WHAT THE EXERCISE ASKS → Please give back, word for word, each line from the start of the entries through the one in which "137th Advisors" is found.

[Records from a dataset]
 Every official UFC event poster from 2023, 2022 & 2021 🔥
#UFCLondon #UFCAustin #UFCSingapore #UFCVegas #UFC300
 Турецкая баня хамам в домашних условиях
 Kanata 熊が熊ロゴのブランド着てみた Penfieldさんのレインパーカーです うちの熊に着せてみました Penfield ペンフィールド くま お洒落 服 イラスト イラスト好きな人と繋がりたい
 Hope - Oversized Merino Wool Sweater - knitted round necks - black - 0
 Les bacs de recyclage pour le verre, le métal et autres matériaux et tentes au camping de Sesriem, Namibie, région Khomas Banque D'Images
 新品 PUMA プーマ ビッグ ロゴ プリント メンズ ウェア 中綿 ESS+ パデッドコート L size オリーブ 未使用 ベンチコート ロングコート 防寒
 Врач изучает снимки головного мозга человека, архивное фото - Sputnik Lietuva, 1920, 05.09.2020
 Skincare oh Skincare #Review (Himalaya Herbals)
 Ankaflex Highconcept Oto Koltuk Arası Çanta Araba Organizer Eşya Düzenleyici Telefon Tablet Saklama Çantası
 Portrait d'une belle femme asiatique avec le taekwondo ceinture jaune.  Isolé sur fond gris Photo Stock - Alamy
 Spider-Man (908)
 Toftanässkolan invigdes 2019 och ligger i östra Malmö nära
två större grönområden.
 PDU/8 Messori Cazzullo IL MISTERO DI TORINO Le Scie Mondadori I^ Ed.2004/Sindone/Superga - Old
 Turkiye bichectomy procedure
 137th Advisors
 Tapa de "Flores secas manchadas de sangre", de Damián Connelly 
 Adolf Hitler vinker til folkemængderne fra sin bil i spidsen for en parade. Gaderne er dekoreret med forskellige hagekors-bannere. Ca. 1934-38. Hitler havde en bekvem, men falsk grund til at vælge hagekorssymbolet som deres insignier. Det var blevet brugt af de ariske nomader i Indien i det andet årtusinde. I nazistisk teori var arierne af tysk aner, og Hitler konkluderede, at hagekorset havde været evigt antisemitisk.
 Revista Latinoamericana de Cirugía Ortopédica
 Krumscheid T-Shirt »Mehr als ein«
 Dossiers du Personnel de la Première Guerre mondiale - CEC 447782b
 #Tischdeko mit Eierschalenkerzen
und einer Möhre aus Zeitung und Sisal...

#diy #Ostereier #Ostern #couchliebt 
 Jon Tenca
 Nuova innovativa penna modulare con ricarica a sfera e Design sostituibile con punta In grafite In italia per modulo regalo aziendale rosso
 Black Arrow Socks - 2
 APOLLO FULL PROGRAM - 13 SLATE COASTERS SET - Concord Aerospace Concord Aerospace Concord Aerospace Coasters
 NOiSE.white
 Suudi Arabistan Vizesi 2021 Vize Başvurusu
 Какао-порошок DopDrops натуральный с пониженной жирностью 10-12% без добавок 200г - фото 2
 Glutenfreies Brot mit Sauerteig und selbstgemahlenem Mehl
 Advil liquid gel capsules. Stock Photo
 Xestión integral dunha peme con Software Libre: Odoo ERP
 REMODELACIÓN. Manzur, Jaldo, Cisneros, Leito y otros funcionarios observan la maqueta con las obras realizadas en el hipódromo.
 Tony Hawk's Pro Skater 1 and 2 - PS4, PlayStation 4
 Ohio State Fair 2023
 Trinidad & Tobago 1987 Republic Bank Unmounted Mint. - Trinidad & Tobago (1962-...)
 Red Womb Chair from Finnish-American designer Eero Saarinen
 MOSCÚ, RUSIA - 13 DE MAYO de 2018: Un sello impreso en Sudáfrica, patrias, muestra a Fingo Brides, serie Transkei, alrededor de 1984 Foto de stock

FINISHED TASK →
 Every official UFC event poster from 2023, 2022 & 2021 🔥
#UFCLondon #UFCAustin #UFCSingapore #UFCVegas #UFC300
 Турецкая баня хамам в домашних условиях
 Kanata 熊が熊ロゴのブランド着てみた Penfieldさんのレインパーカーです うちの熊に着せてみました Penfield ペンフィールド くま お洒落 服 イラスト イラスト好きな人と繋がりたい
 Hope - Oversized Merino Wool Sweater - knitted round necks - black - 0
 Les bacs de recyclage pour le verre, le métal et autres matériaux et tentes au camping de Sesriem, Namibie, région Khomas Banque D'Images
 新品 PUMA プーマ ビッグ ロゴ プリント メンズ ウェア 中綿 ESS+ パデッドコート L size オリーブ 未使用 ベンチコート ロングコート 防寒
 Врач изучает снимки головного мозга человека, архивное фото - Sputnik Lietuva, 1920, 05.09.2020
 Skincare oh Skincare #Review (Himalaya Herbals)
 Ankaflex Highconcept Oto Koltuk Arası Çanta Araba Organizer Eşya Düzenleyici Telefon Tablet Saklama Çantası
 Portrait d'une belle femme asiatique avec le taekwondo ceinture jaune.  Isolé sur fond gris Photo Stock - Alamy
 Spider-Man (908)
 Toftanässkolan invigdes 2019 och ligger i östra Malmö nära
två större grönområden.
 PDU/8 Messori Cazzullo IL MISTERO DI TORINO Le Scie Mondadori I^ Ed.2004/Sindone/Superga - Old
 Turkiye bichectomy procedure
 137th Advisors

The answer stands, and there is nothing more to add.